In 1978 I bought my first car, a bright red ’72 Dodge Colt GT with white racing stripes painted down either side. I was 18 and I chose the car because even with its puny engine, it could chirp the rear tires when hard-shifted into second gear. The very first accessory I bought for that car was a stereo. It was a Craig Powerplay in-dash player, with auto-reverse and AM/FM receiver - very state-of-the-art at the time – and 8 tracks sucked. The only trouble was that I could not afford, on my Dairy Queen wages, the amplifier or speakers needed to make the stereo really perform. I did, however, have a quality pair of headphones which I had received as a Christmas present, so I fitted a headphone jack into the dashboard of my Colt. Now I could cruise around and listen to my tunes in bliss. No road noise either!

It was an idea ahead of its time; the Sony Walkman was still two years away from its public debut. In ’78 you just didn’t see people in motion wearing headphones, and I got a lot of gaping looks as I drove around. My friends thought it was way-cool.

My point is that this was an age of “Dedicated Listening”. Combining music and an activity was a very new idea, and putting a hi-fi in a car is a good early example of a departure from dedicated listening. Pardon me for getting nostalgic, but the world of music was very different than it is today. Ripping the plastic off a new record album and reading the album cover was almost a religious experience, a feeling strangely absent when bringing home a new CD. I had audiophile friends who would save up and spend $800 just for a turntable; that would be a direct-drive model; belt drive models weren’t accurate enough. Anyone with a reel-to-reel was the envy of us all. One friend spent over $100 just for his speaker cables, which were as thick as my index finger. Oh, but the sound was good. We all would gather in somebody’s smoky basement, fight for that primo La-Z-Boy chair, which was carefully aligned to the speakers for the ideal listening position, then crank the volume and sit there with our eyes closed while the color and richness of the music penetrated to our very bones.

The only place you’d ever find headphones, they’d be attached to a serious hi-fi system, and the only activity you’d observe was the rolling of the next doobie.

Now headphones are everywhere. I recently read in the Globe and Mail that i-Pods and MP3 players have put stereo equipment production practically into extinction. According to the article, sales for individual audio components -- CD players, tuners, etc. - in 1999 exceeded 270,000 units. By the year 2003 that number was reduced to a mere 20,000 units. I guess it all started with Walkmans, but now with the ability to cram 10,000 songs into a something smaller than a pack of cards is just too compelling for most of us.

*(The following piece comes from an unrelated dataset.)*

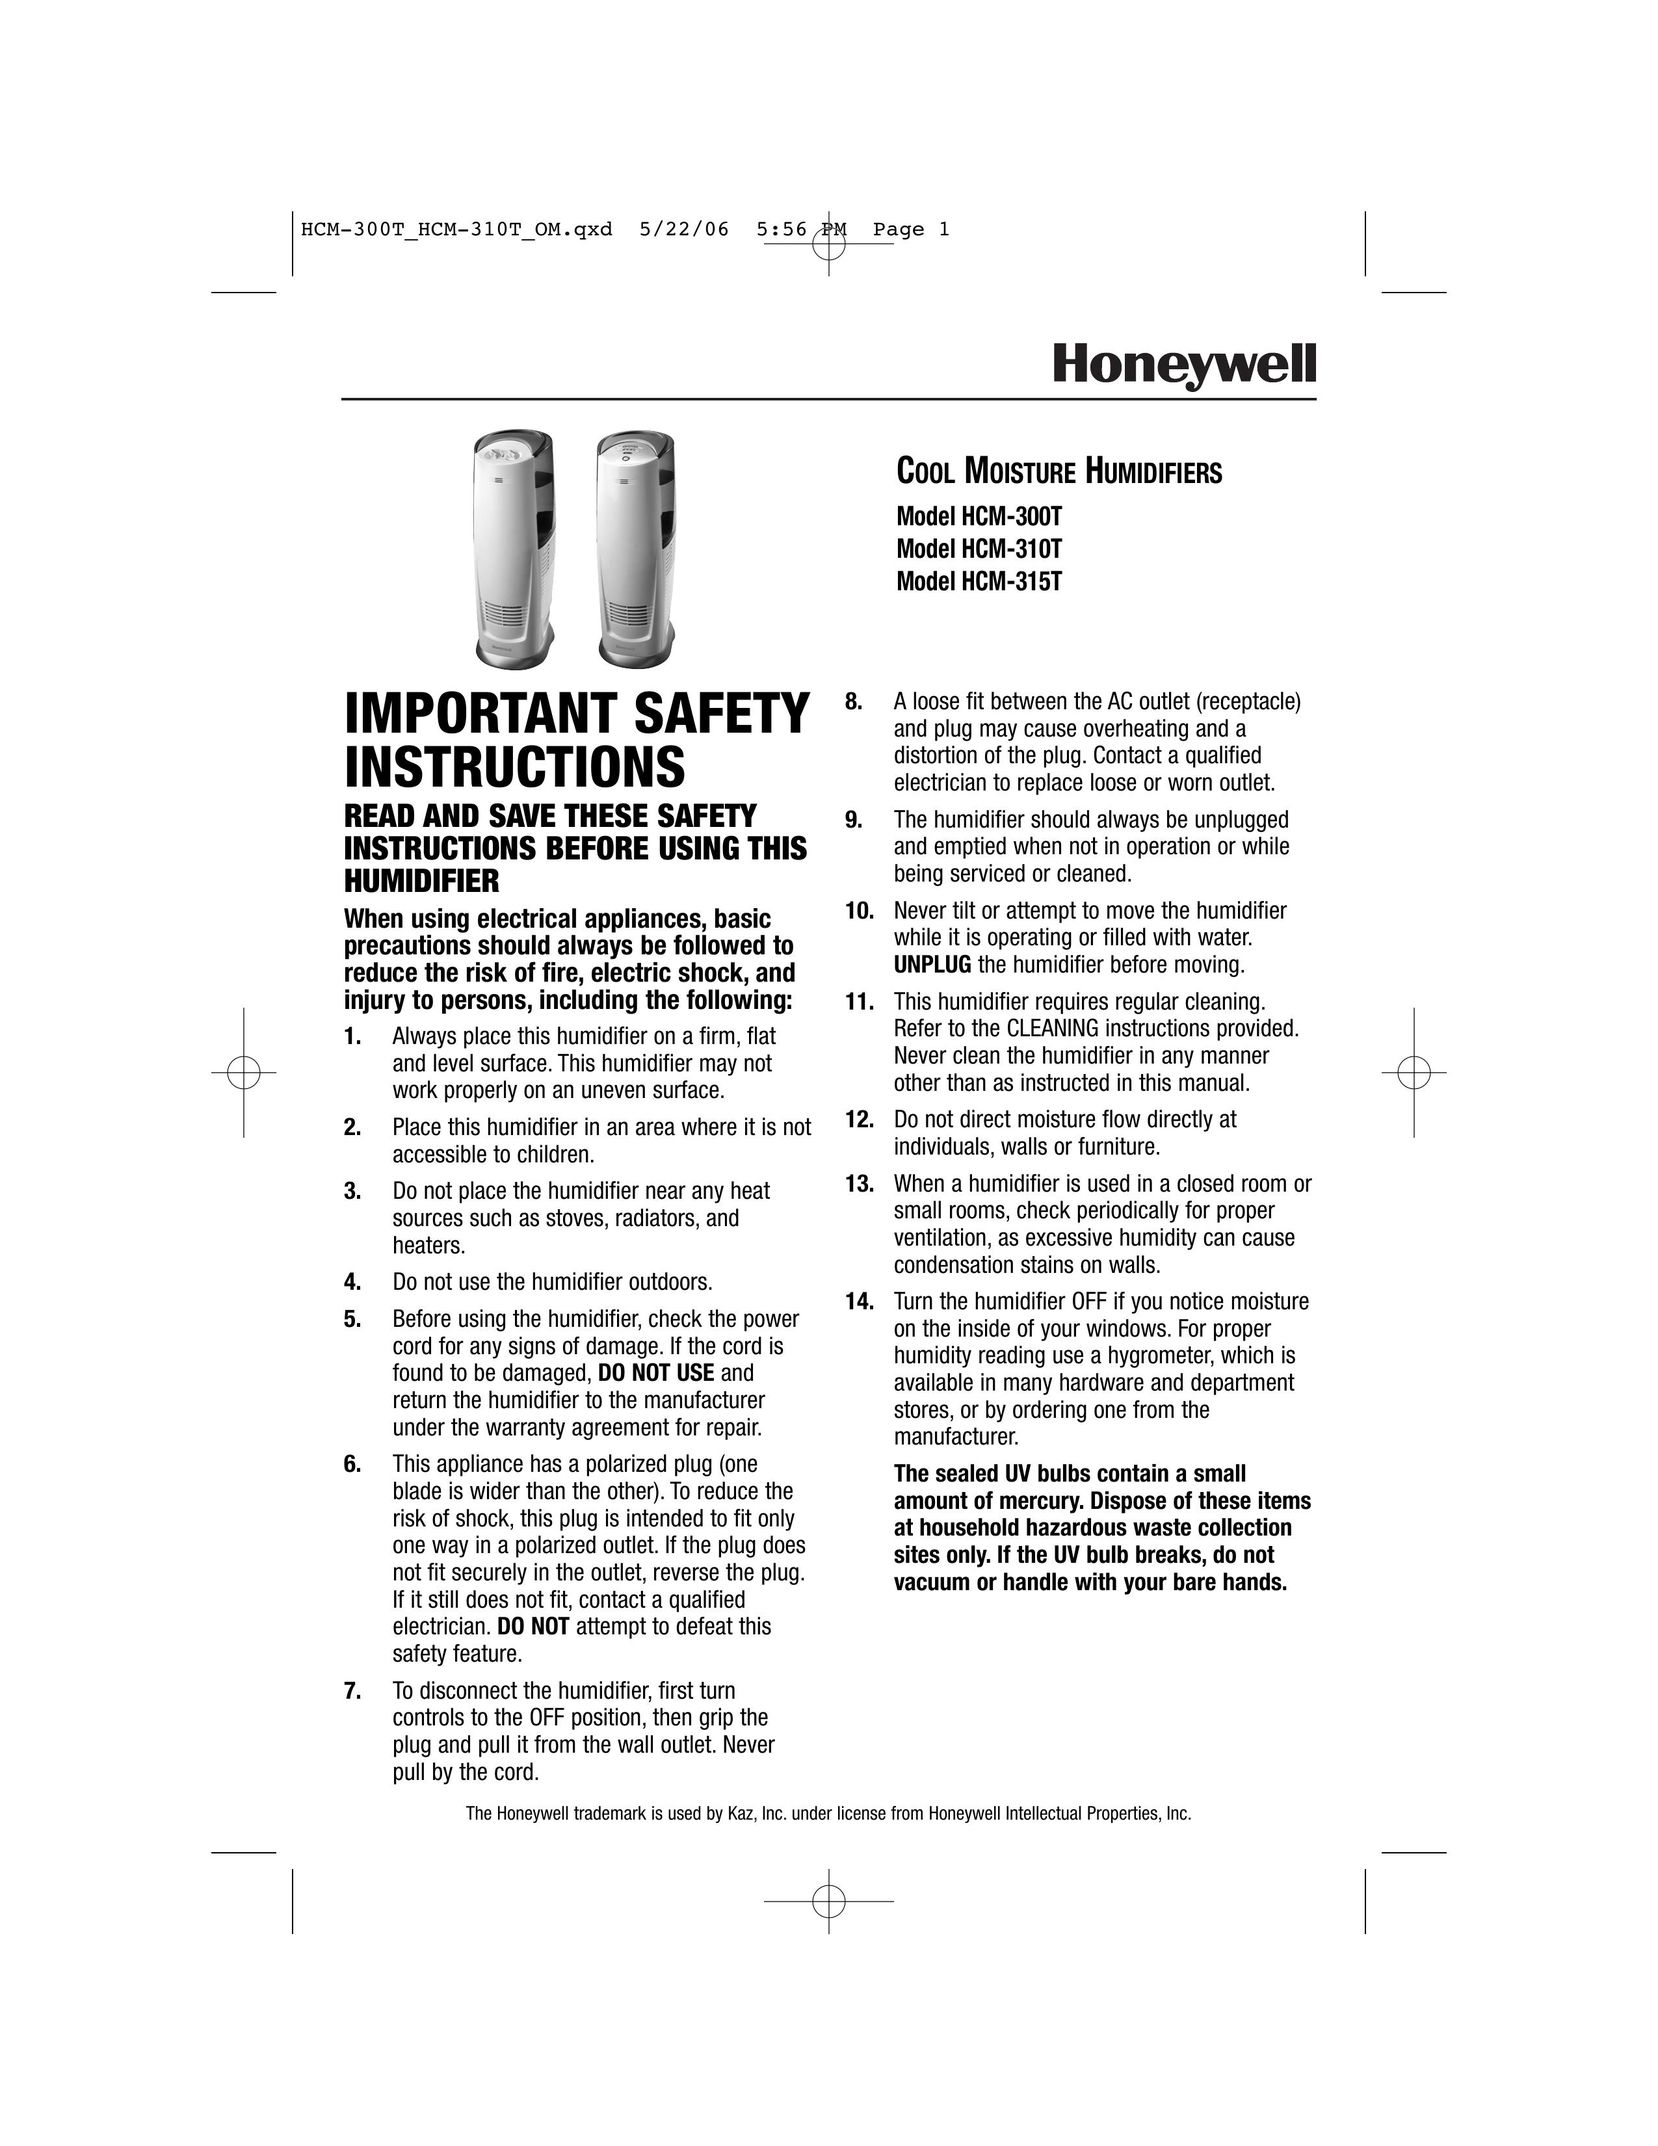 Honeywell HCM-310T Humidifier User Manual
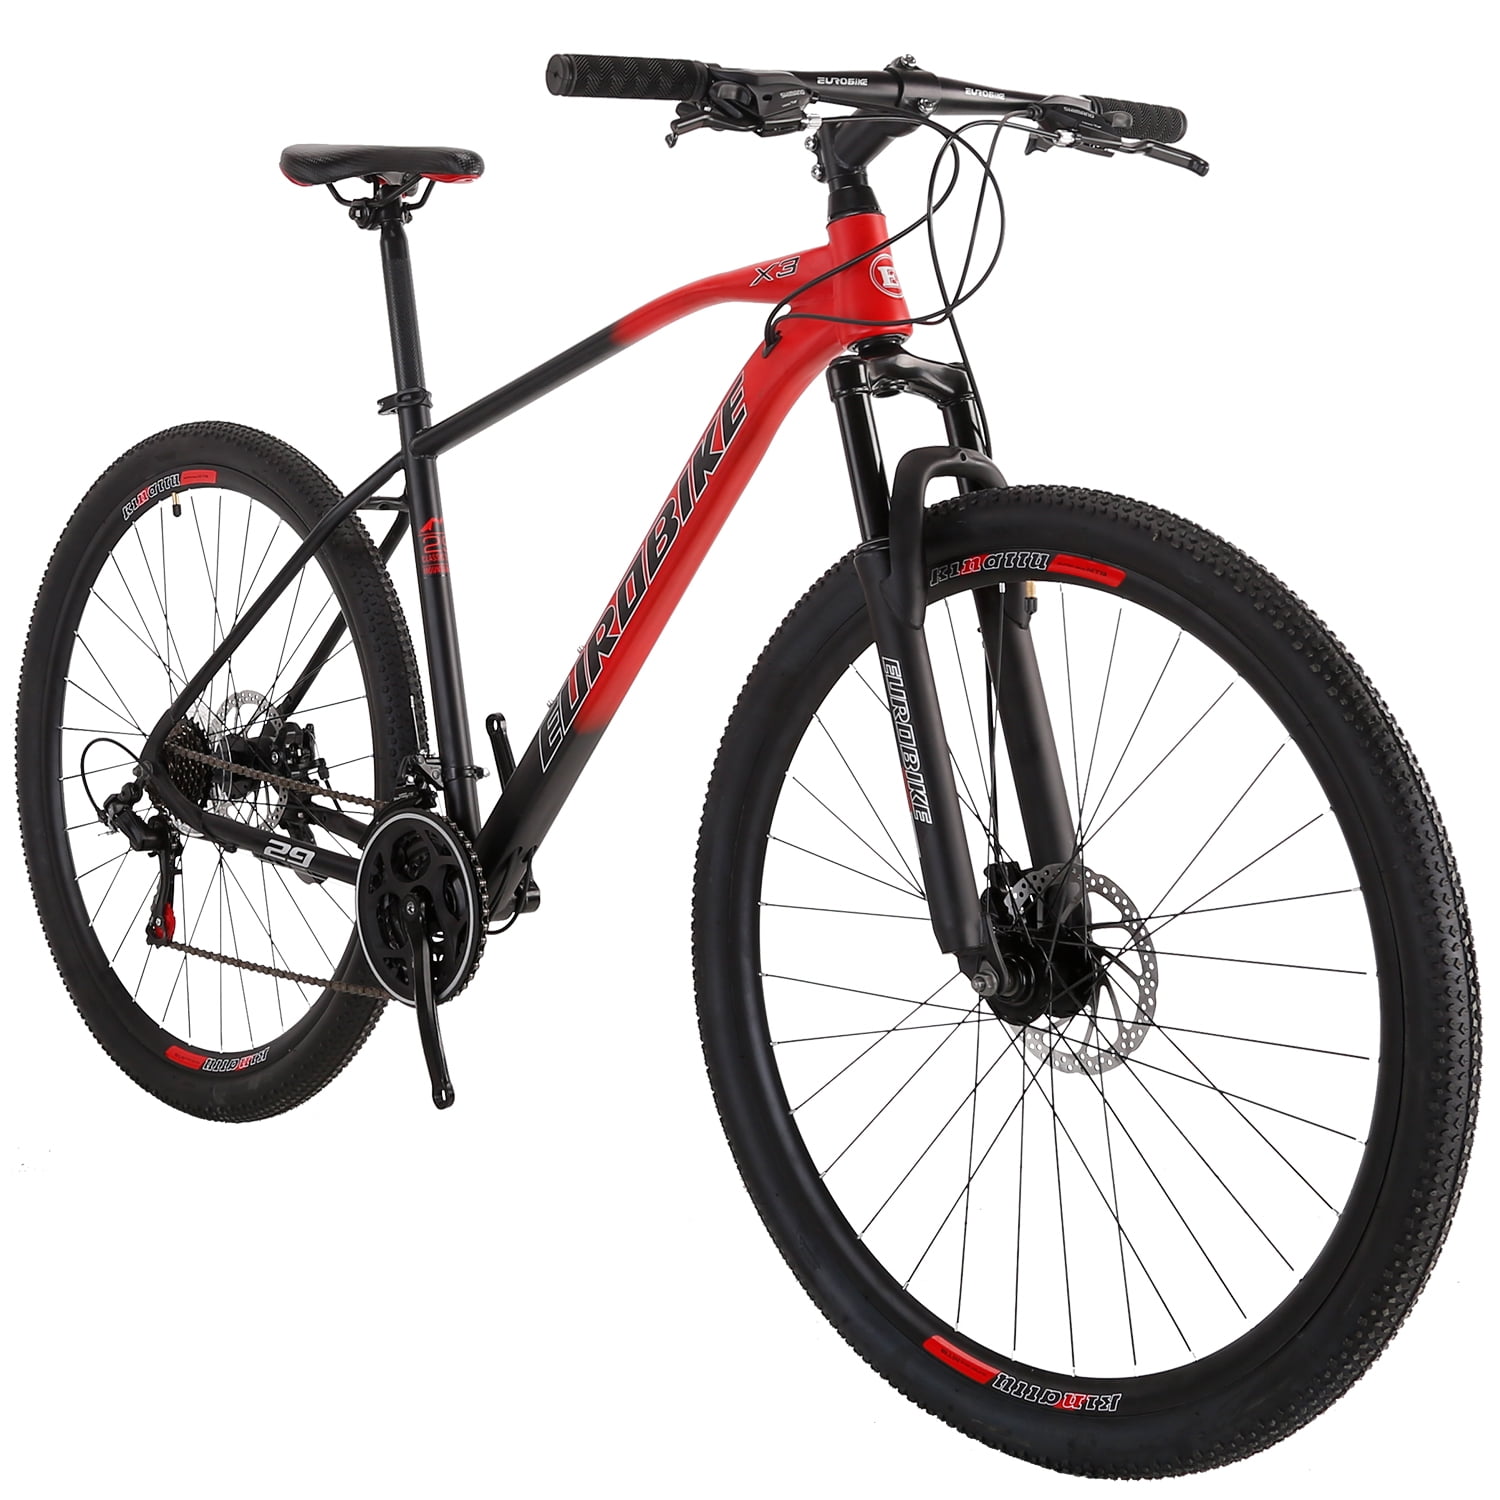 29 inch mountain bike for sale

We don’t seem to care that the audio quality isn’t as good (although it is surprisingly good), we are more concerned that we can take it with us. And the idea of “Dedicated Listening” is almost quaint. It seems that today’s listeners are all jogging, riding, skiing, riding the bus, cooking, reading (I’ve never been able to do that), or whatever, we seem to need to be in motion with our tunes.

I’m not saying there’s anything wrong with any of this, it’s just different than it was in the good old days. I have an MP3 player myself, and next week I’ll tell you all about it, with some tips for deciding which one to buy. And just in case you’re interested, I eventually blew that puny engine in my Dodge Colt, and I swapped in a mighty Chevy V8. My friends thought that was even cooler than the headphones.